There was an amateur golfer who had the lifelong ambition of playing the famous pebble beach golf course and on that one particular hole where you have to drive your ball out over the ocean to a green on a spit of land.  Now the man had some money and spent much money and time trying to achieve his dream.  He had so many times sent his ball soaring out over the ocean only to have it fall short and plop into the ocean.  Long ago he had decided to not waste a new ball on his attempts but to use an old one with cuts and scuffs.

One year he arrived again at the course to try one more time to achieve his dream.  He teed up his old battered ball and whispered a fervent prayer.  Just before he hit the ball a booming voice from the heavens said: “Wait!  Replace the ball with a brand new one.”  Somewhat hesitantly, the man did it, encouraged that the Lord seemed to be implying that his long awaited dream was finally going to be realized.  As he addressed the ball, the booming voice came again: “Wait, step back and take a practice swing.”  The man took his typical practice swing.  The voice boomed yet again: “Take another practice swing.”  He did.  After a dramatic pause, the voice spoke again: “Put the old ball back.”

The divine presence in this joke comes across a bit heartless in deflating the golfers ambition.  In today’s Gospel, Jesus is not amused at all with the ambition displayed by his disciples, and his rebuke is immediate and stern.  What makes their glory-seeking so irksome is that it comes right after Jesus had spoken about his own impending humiliation and suffering.  Didn’t they hear what he said?  The message is that following Jesus inevitably involves suffering and service, leaving no room for pretension or self-promotion.

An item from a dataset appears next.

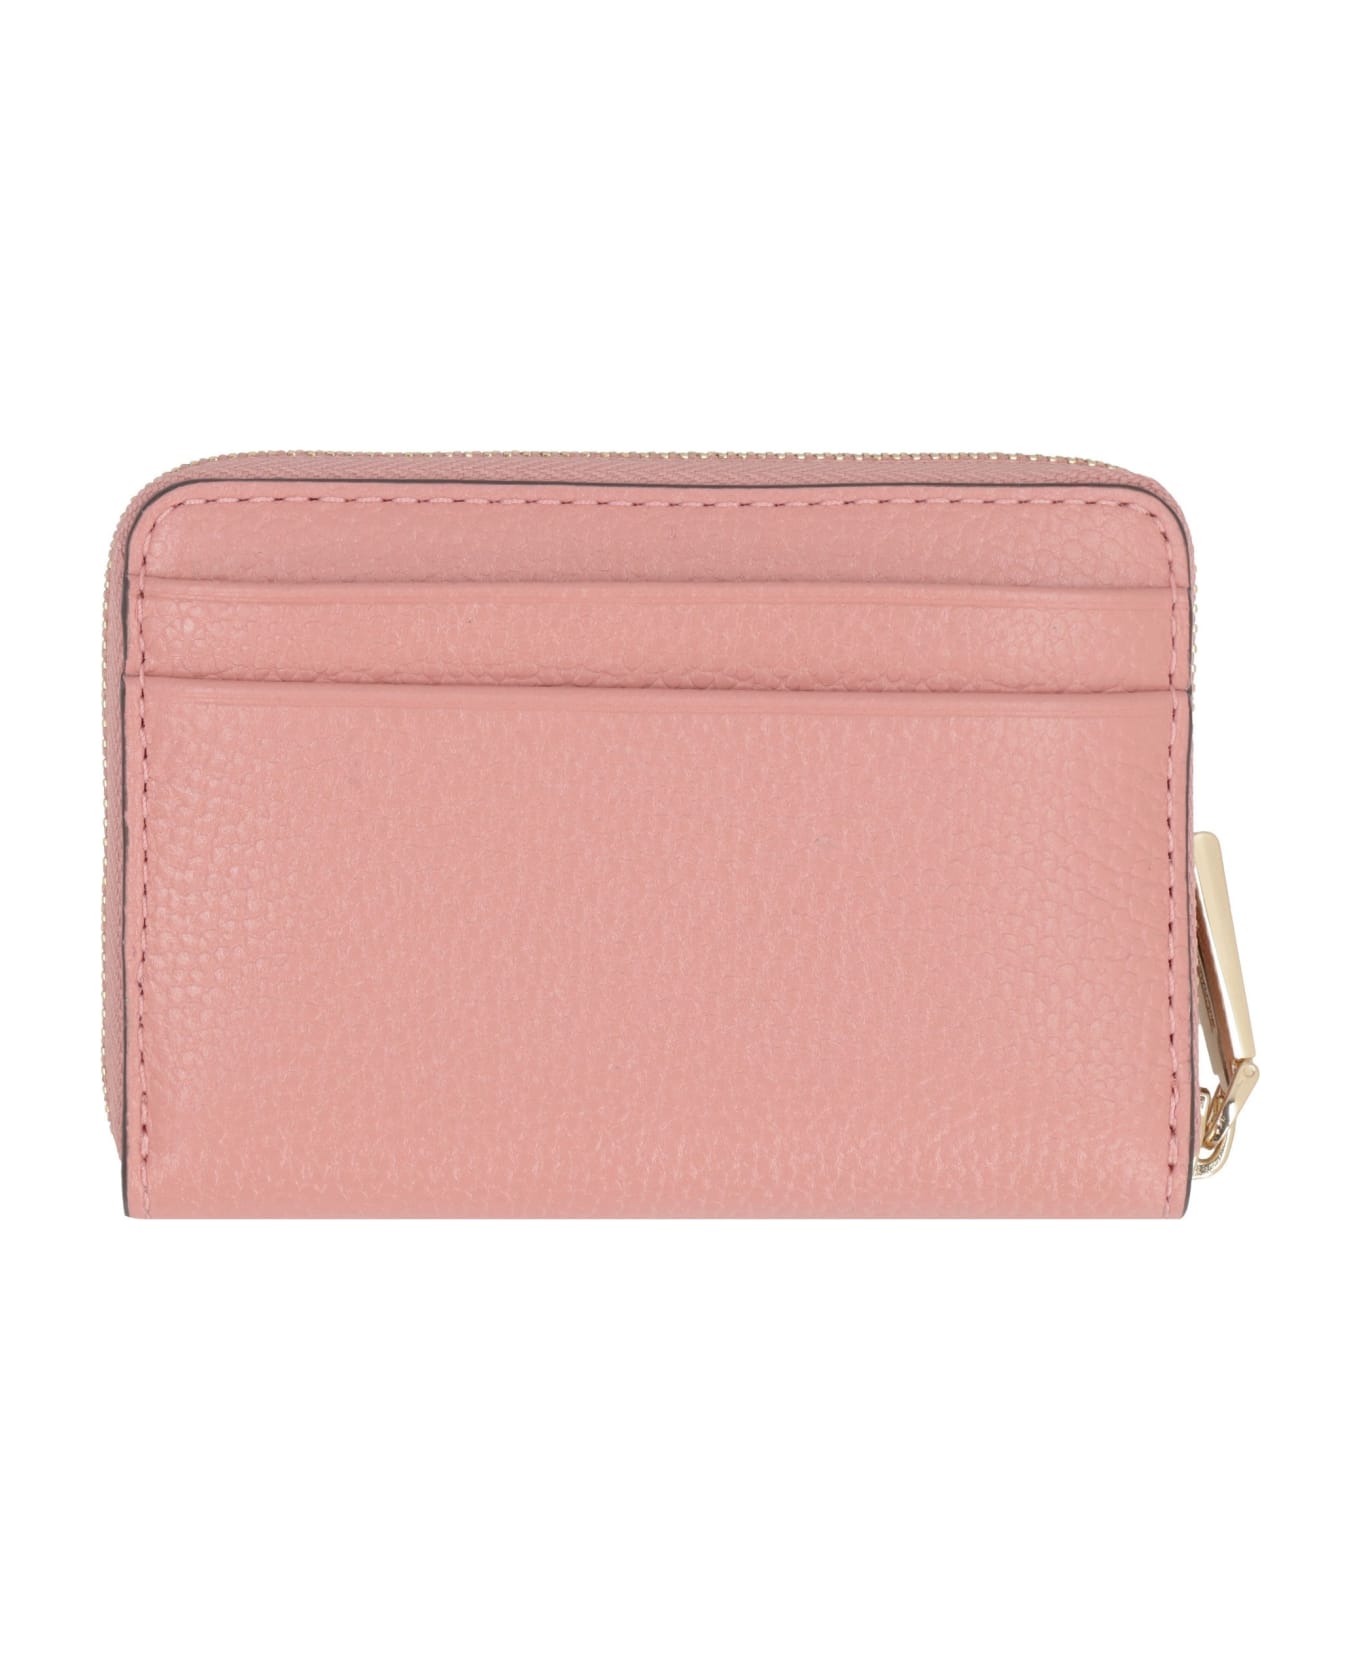 MICHAEL Michael Kors Jet Set Leather Wallet - Pink 財布

The life, message and mission of Jesus challenges our petty human ambitions.  Thomas a Kempis wrote a long time ago: “Man proposes but God disposes.”  We may set out with the best of intentions to be good Christians, but if we think we get to do that simply on our terms, we are in for a rude awakening.  Our tendency is to find the path of least resistance.  Yet in following Jesus, resistance and opposition may, at times, actually be the surest sign that we are on the right track.

Jesus’ chief criterion for greatness in his kingdom is the willingness to be of service to others.  Jesus’ rag tag group of apostles existed long before there was any thought of pope, bishops, deacons.  What were they looking for in terms of who is the greatest or most important?  Jesus would probably agree with what Robert Frost once wrote: “By faithfully working eight hours a day, you may eventually get to be boss – and work twelve hours a day.”  The reward program of Christianity is the privilege of being able to serve.

All three of our readings today speak to our call as Christians to be willing and ready to serve and to realize that sometimes we are going to face opposition and criticism.  Our world is filled with people of ambition who are out to make their importance felt by others.  Many people work extremely hard to climb the ladder of success and to impress people with their importance.  However, in God’s eye, after all their efforts to climb that ladder, they may find the ladder is leaning against the wrong wall.

May we, in our lives as Christians and Catholics, be anxious and faithful in following our call to be of service to others, no matter how small, so that when we come to the end of our journey, we may find our ladder of success is leaning against the right wall.